◆ Record set ◆
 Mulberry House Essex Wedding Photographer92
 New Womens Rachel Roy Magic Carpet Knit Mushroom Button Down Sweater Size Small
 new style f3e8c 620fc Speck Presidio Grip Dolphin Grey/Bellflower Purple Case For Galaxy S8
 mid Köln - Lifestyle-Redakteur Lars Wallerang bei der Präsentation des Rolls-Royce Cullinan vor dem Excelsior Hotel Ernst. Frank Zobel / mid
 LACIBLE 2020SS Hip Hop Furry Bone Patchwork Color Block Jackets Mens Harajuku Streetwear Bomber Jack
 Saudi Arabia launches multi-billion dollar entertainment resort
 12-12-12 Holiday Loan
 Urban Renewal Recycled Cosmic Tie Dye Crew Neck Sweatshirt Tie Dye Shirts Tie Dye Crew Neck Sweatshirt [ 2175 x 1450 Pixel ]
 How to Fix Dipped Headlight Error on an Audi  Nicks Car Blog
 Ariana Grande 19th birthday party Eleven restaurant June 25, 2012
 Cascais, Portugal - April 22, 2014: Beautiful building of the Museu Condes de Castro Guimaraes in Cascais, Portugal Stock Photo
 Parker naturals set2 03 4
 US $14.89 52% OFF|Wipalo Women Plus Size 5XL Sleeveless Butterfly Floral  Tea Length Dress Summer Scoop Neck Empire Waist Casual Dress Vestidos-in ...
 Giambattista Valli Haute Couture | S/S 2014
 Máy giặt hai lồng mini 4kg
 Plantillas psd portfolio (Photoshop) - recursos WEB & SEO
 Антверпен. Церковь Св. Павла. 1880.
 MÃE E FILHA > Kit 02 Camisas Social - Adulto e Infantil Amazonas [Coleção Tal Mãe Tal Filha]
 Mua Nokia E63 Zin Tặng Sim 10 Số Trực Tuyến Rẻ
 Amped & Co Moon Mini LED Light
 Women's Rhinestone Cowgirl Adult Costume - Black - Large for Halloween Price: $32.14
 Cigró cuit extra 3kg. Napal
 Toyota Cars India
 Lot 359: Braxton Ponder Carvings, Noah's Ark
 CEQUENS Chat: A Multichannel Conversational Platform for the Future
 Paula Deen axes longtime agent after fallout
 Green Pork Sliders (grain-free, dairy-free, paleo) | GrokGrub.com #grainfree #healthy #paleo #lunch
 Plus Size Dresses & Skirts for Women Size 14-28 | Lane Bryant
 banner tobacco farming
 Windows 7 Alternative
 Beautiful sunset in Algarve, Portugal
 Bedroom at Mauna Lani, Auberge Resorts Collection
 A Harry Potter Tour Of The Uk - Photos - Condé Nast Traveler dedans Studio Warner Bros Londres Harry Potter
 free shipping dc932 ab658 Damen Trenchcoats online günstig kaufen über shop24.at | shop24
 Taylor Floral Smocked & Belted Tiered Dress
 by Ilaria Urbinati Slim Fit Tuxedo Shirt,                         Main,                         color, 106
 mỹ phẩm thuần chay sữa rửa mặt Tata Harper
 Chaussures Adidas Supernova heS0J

◆ Problem description ◆
Would you copy, unchanged, the stretch of the records above that begins at the line containing "mid Köln - Lifestyle-Redakteur" and ends at the line containing "12-12-12 Holiday Loan", and only that?

◆ Response ◆
 mid Köln - Lifestyle-Redakteur Lars Wallerang bei der Präsentation des Rolls-Royce Cullinan vor dem Excelsior Hotel Ernst. Frank Zobel / mid
 LACIBLE 2020SS Hip Hop Furry Bone Patchwork Color Block Jackets Mens Harajuku Streetwear Bomber Jack
 Saudi Arabia launches multi-billion dollar entertainment resort
 12-12-12 Holiday Loan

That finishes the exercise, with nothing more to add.